You are leading a project to analyze product performance at Stripe. We at Stripe are most interested in how the products are performing and growing as well as how to prioritize our product development efforts to maximize our growth. You have been provided an initial cut of data on a few flagship products, each of which is targeted at a specific user segment. From the data you've been given, please prepare a short presentation detailing your findings. 

**Product Usage Table:**

|Label| Description|
| - | :- |  
| `merchant` | This is the unique ID of each Stripe user |
|`date` | Data is aggregated up to the month level for each Stripe user.|
|`product` | This is the Stripe product that the user is using to charge their customers.|
|`event` | This is an action within a product. For more details on how products are used, see "segment details" below|
|`count of events` |       |
|`usd_amount` |Total amount in cents and USD that was processed for that API call|

**Segment Table:**

This is a mapping of merchant IDs to the user segmentation we have.

|Label| Description|
| - | :- | 
|`saas`| These businesses serve SaaS products which means they primarily charge their customers on a recurring basis (usually   monthly). We want them to use our Subscriptions payments product to charge regularly on a time interval.|
|`ecommerce` | These businesses use Stripe's shopping cart product and primarily sell physical or digital goods online. |
|`platforms` | These users are platforms upon which other users can sign up and charge for services through the Stripe API. Examples would include ridesharing services, delivery services, etc. (e.g. Lyft, Task Rabbit, Instacart) |


## Segment Details

### SaaS

SaaS users have two options when they process recurring payments. The recurring payments product allows them to schedule automatically recurring payments on a fixed schedule, but the merchants can also manually create charges on Stripe for their recurring payments. Our hope with the recurring payments product is to make it easy for all users to automate their payments. The product was launched in May 2013. 

### E-Commerce Store

Our shopping cart product enables online e-commerce stores to sell goods. We track details on their website around the conversion funnel and actions that customers take. We can see when an item is viewed, added to the cart, when the checkout flow is initiated, and when it is completed with a payment submitted. 

### Platforms 

Our Marketplace product allows platforms to charge on behalf of other users and payout funds to each end automatically.

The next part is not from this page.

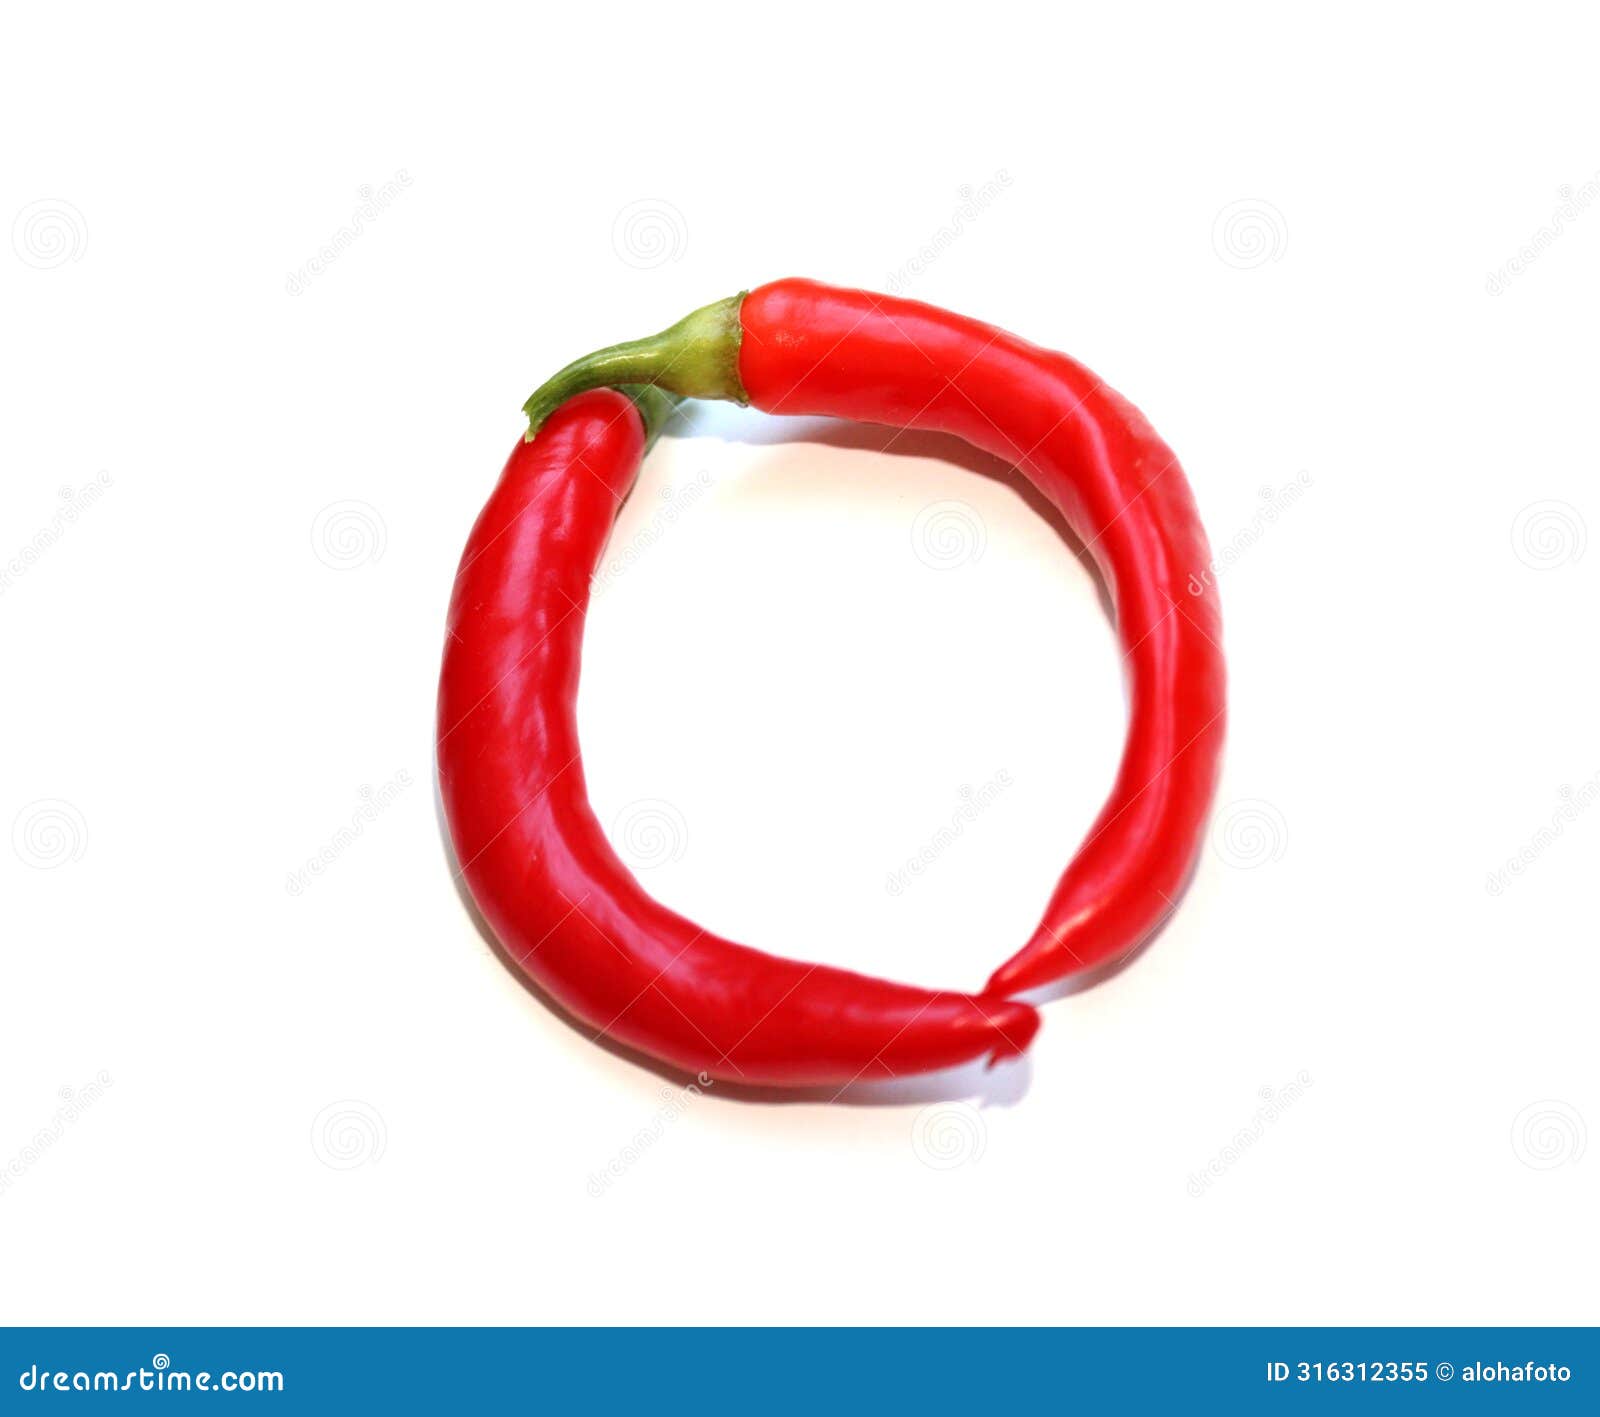 letter o from red green chili pepper letter for mojo rojo, mojo verde recipe
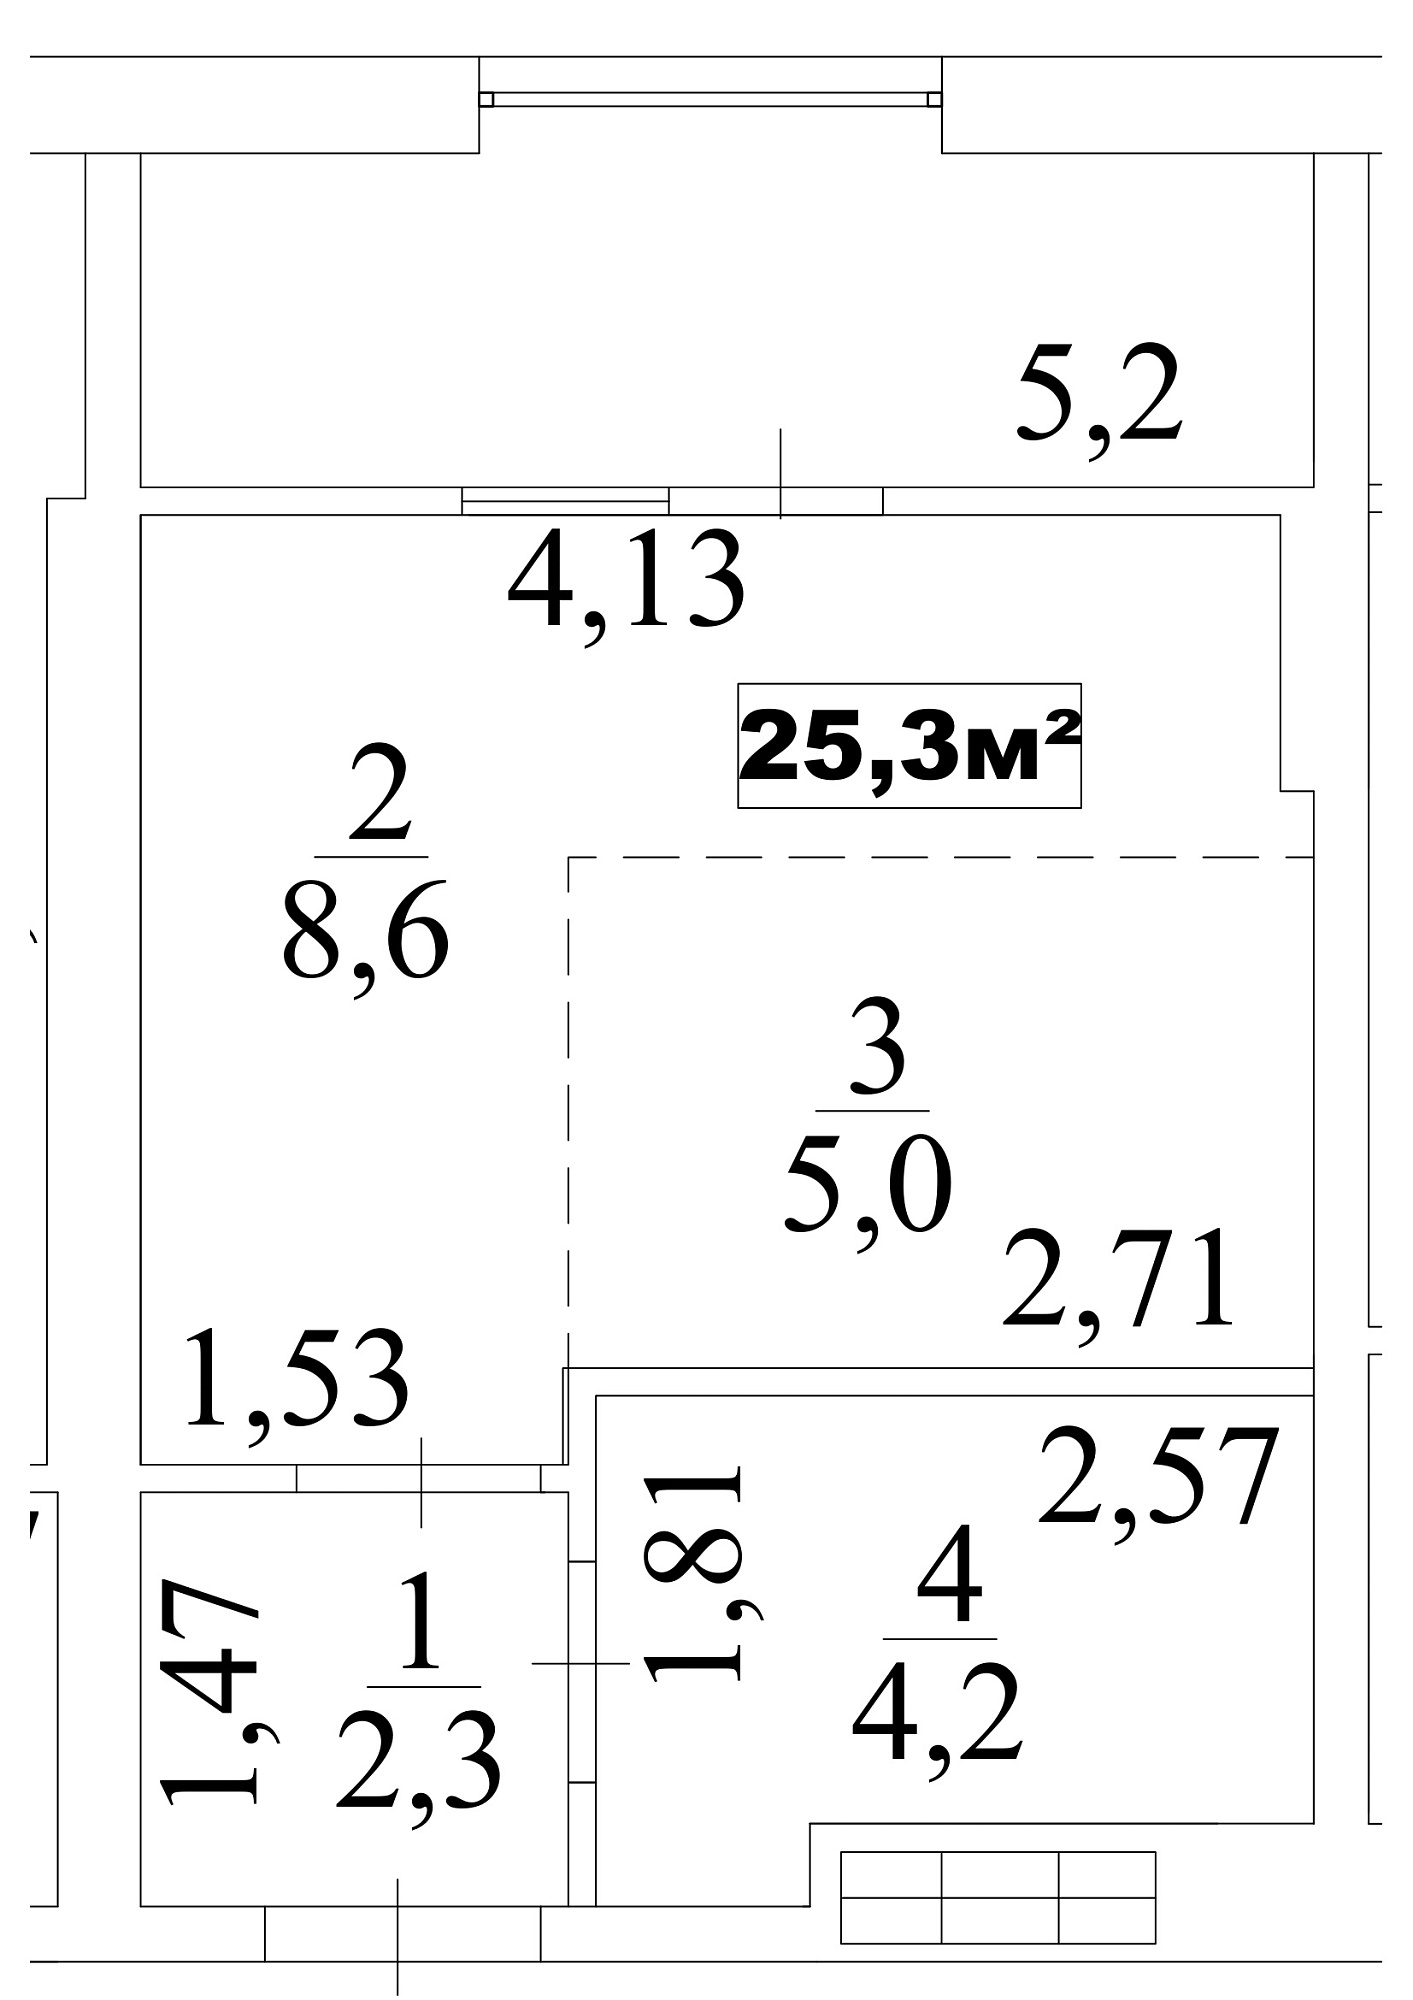 Планування Smart-квартира площею 25.3м2, AB-10-03/0021в.

### Questions to guide thinking:

1. How are each of Stripe's products and segments performing and where are they headed?

2. Are there any issues with the products that we should address?

3. Given more time and access to more data, what would you want to dig deeper on?

4. How should we prioritize development for different products, given our limited resources?




In [32]:
!git clone --branch stripe_1 https://github.com/interviewquery/takehomes.git
%cd takehomes/stripe_1
!if [[ $(ls *.zip) ]]; then unzip *.zip; fi
!ls

Cloning into 'takehomes'...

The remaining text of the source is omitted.